# Prompt
Give back each line of the data exactly as it reads, minus the pictures.

# Source material

☆ ☆ ☆ ☆ ☆

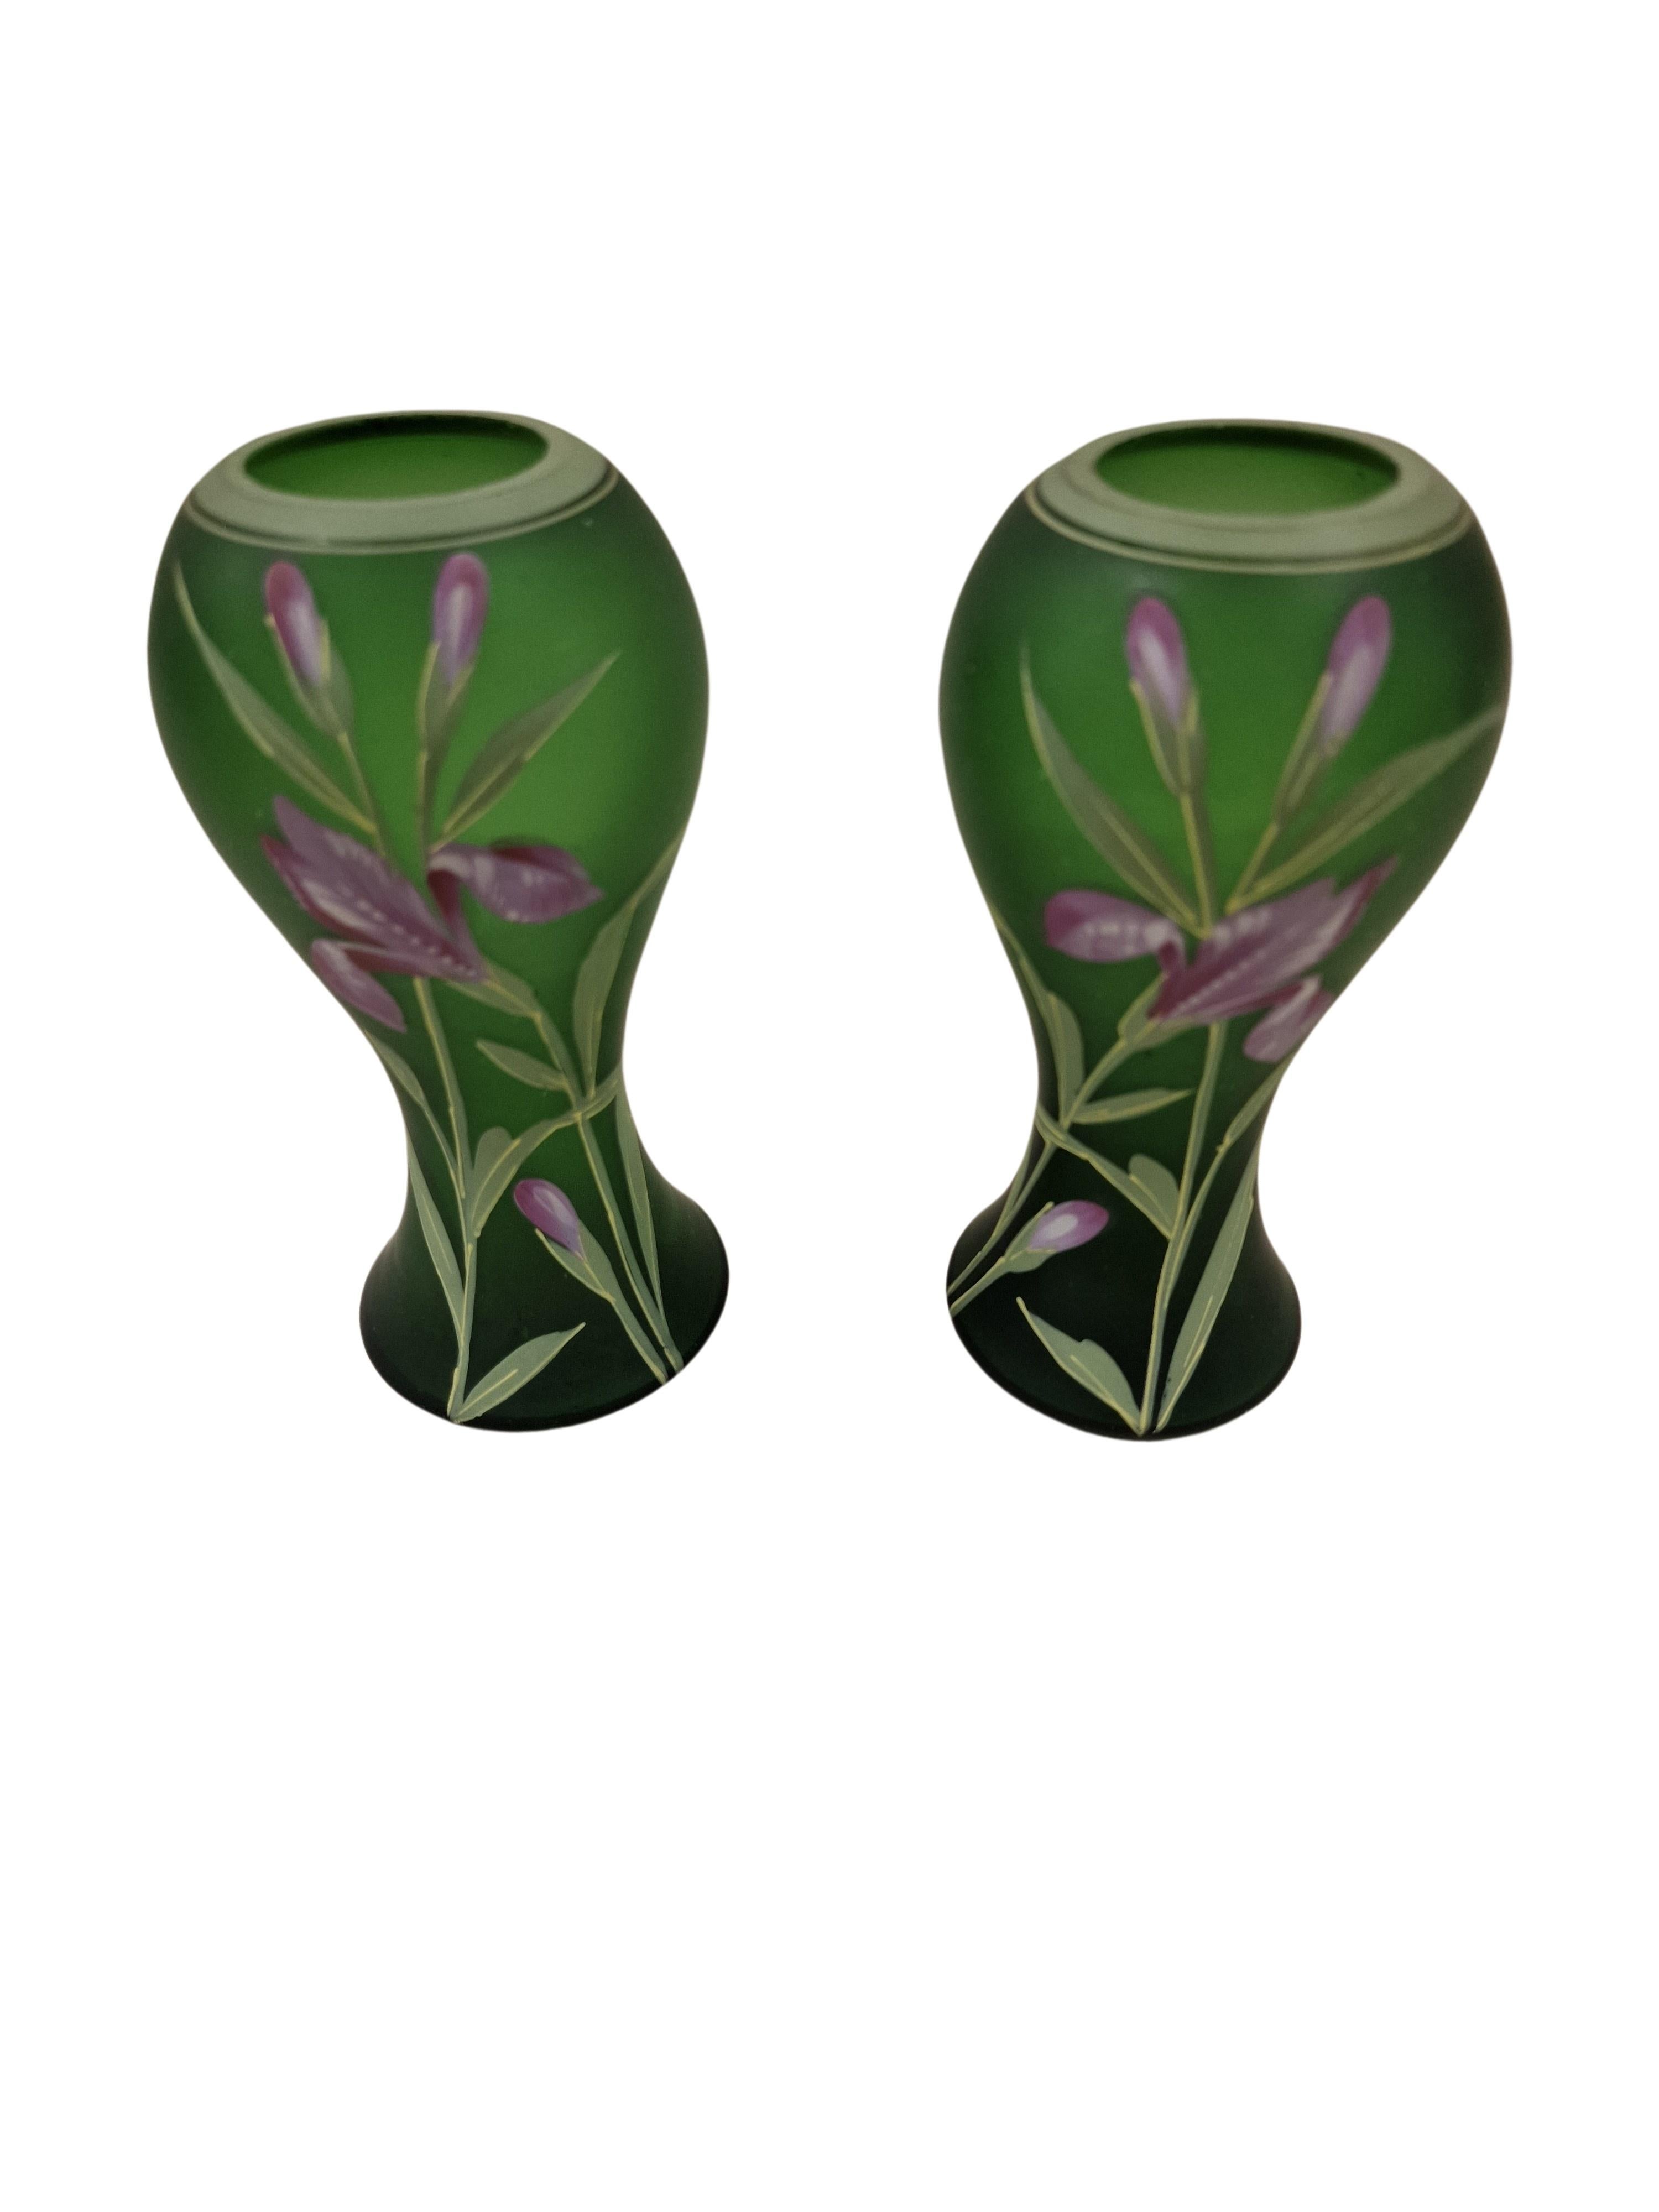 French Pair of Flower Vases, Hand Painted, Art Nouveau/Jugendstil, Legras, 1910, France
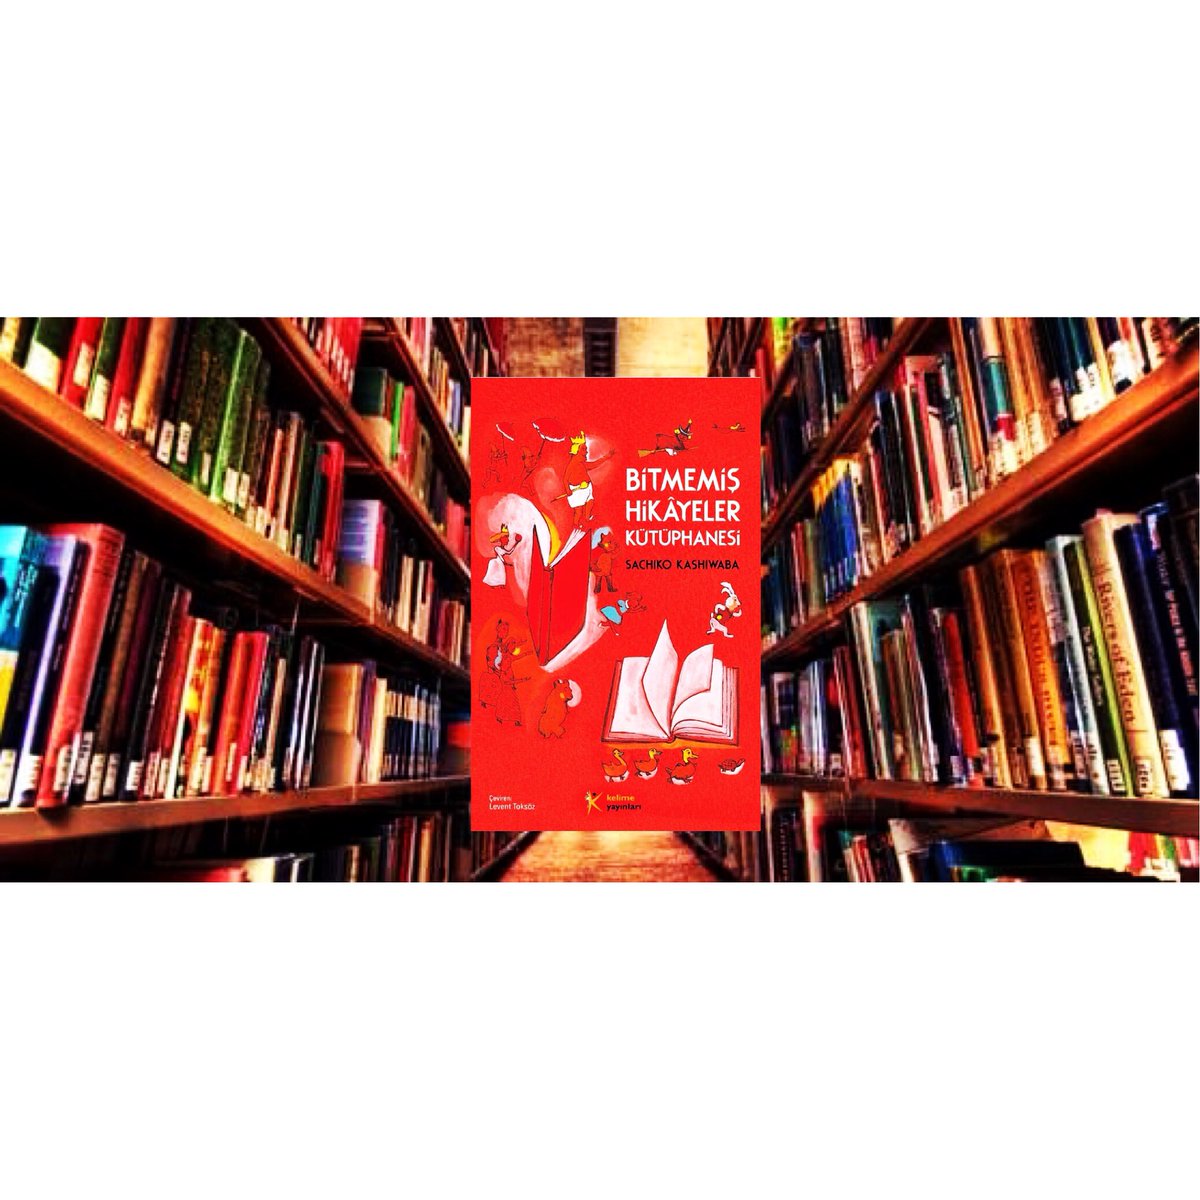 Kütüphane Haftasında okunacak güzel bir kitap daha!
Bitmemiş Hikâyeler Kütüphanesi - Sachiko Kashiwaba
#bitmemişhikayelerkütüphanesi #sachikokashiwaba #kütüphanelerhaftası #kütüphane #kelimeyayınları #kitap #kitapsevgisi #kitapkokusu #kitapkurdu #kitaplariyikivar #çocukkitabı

☆ ☆ ☆ ☆ ☆

# Response to this task
 French Pair of Flower Vases, Hand Painted, Art Nouveau/Jugendstil, Legras, 1910, France
 Kütüphane Haftasında okunacak güzel bir kitap daha!
Bitmemiş Hikâyeler Kütüphanesi - Sachiko Kashiwaba
#bitmemişhikayelerkütüphanesi #sachikokashiwaba #kütüphanelerhaftası #kütüphane #kelimeyayınları #kitap #kitapsevgisi #kitapkokusu #kitapkurdu #kitaplariyikivar #çocukkitabı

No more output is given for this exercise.